Can a garden really ever be finished? I don’t think so. How can it be? It changes as it grows. It evolves, given its circumstances and growing conditions — just as we do. In this, the fourth summer I’ve tended this particular garden, I fully understand that the true reward is not in the simple appreciation of its appearance. My reward is in the act of tending it. That, in and of itself, has been the very best kind of self care.

I’ve learned from my own experience, and when I most needed it, why gardens are so good for the soul. Most importantly, my garden has helped me process emotions and provided me constructive, creative time to make some sense of lemons life threw my way — to find understanding and acceptance. In “Garden of Solace”, published in the New York Times (Oct 5, 2019), author Margo Rabb wrote that a garden is “a place where complicated grief [is] a natural part of love”. I know this to be very, very true.

I look at the riot of color along the gravel path that extends from our front porch to the street, the brilliant yellows and soft lavender, purple and white, crimson and peach all swaying the the late afternoon breeze. The bees buzz through it all, working, always working. Monarchs visit daily. Birds hop through the shade in the undergrowth I can only pretend to keep up with. It’s glorious and I’m grateful for it every day regardless of the ache in my wrists when I prune too much, or the occasional pain in my right hip if I’m bent over too long. It’s worth it. My garden is my place in this world now.

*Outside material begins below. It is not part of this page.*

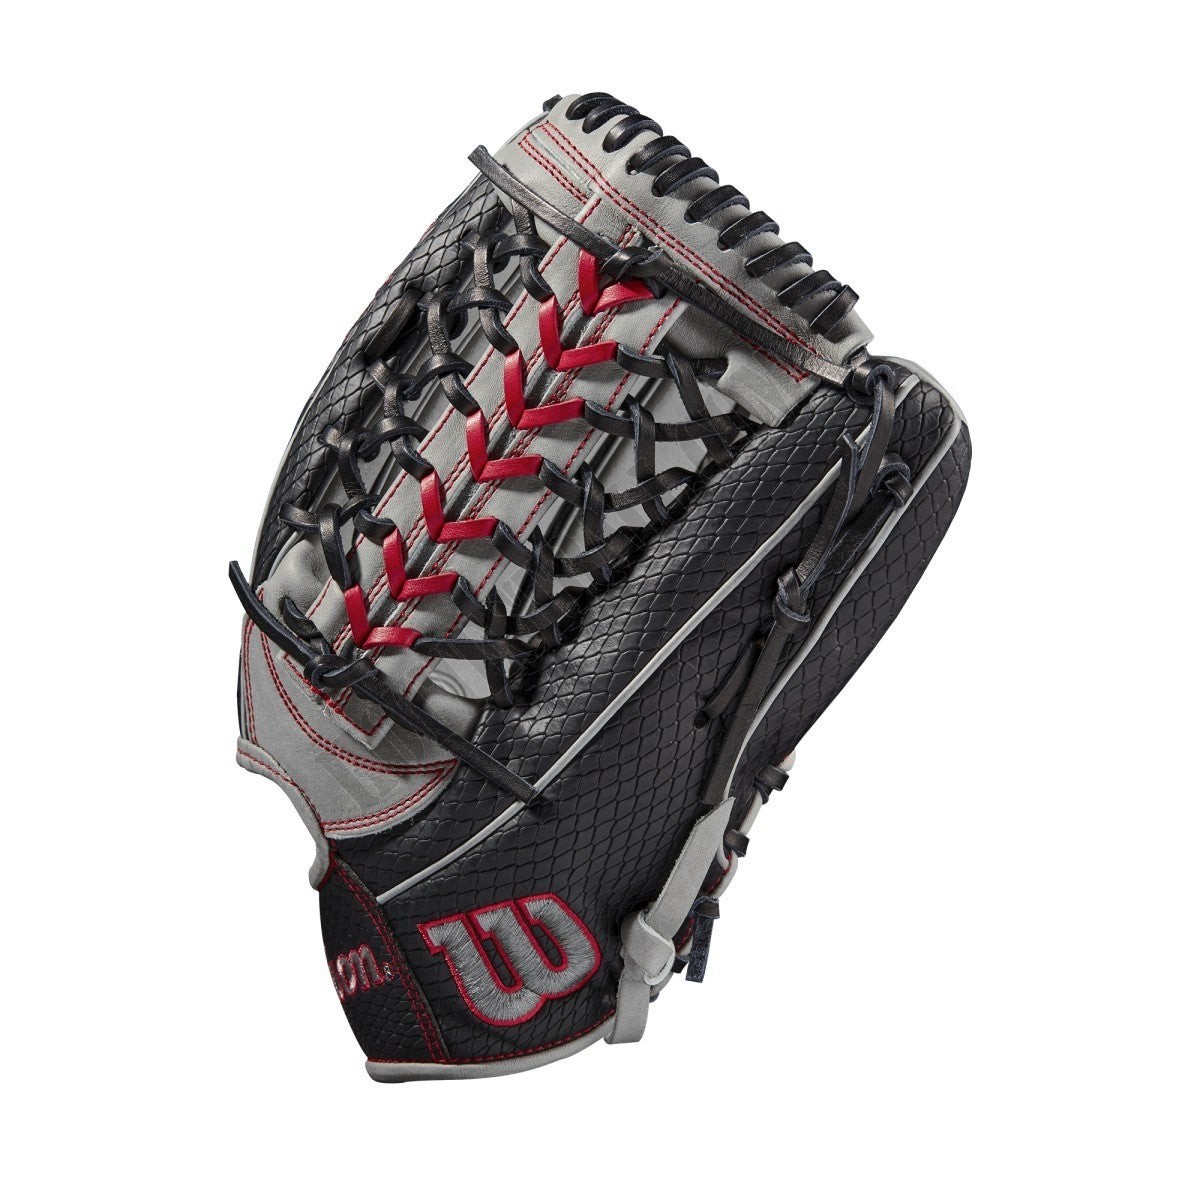 2021 A2000 PF92SS 12.25" Pedroia Fit Outfield Baseball Glove ● Wilson Promotions - -3

My soul is there among the roses I planted in May two years ago. It’s in the shade garden I’ve patched together beneath a row of evergreens where not much else thrived when we moved in. It’s in the wild front path where I decide what stays each season to have its time in the sun. And in the long bed out back, it’s in the only part of my garden that’s somewhat symmetrical — the mezza luna bed. Even it wants to be wild, fighting control, just as I have all my life.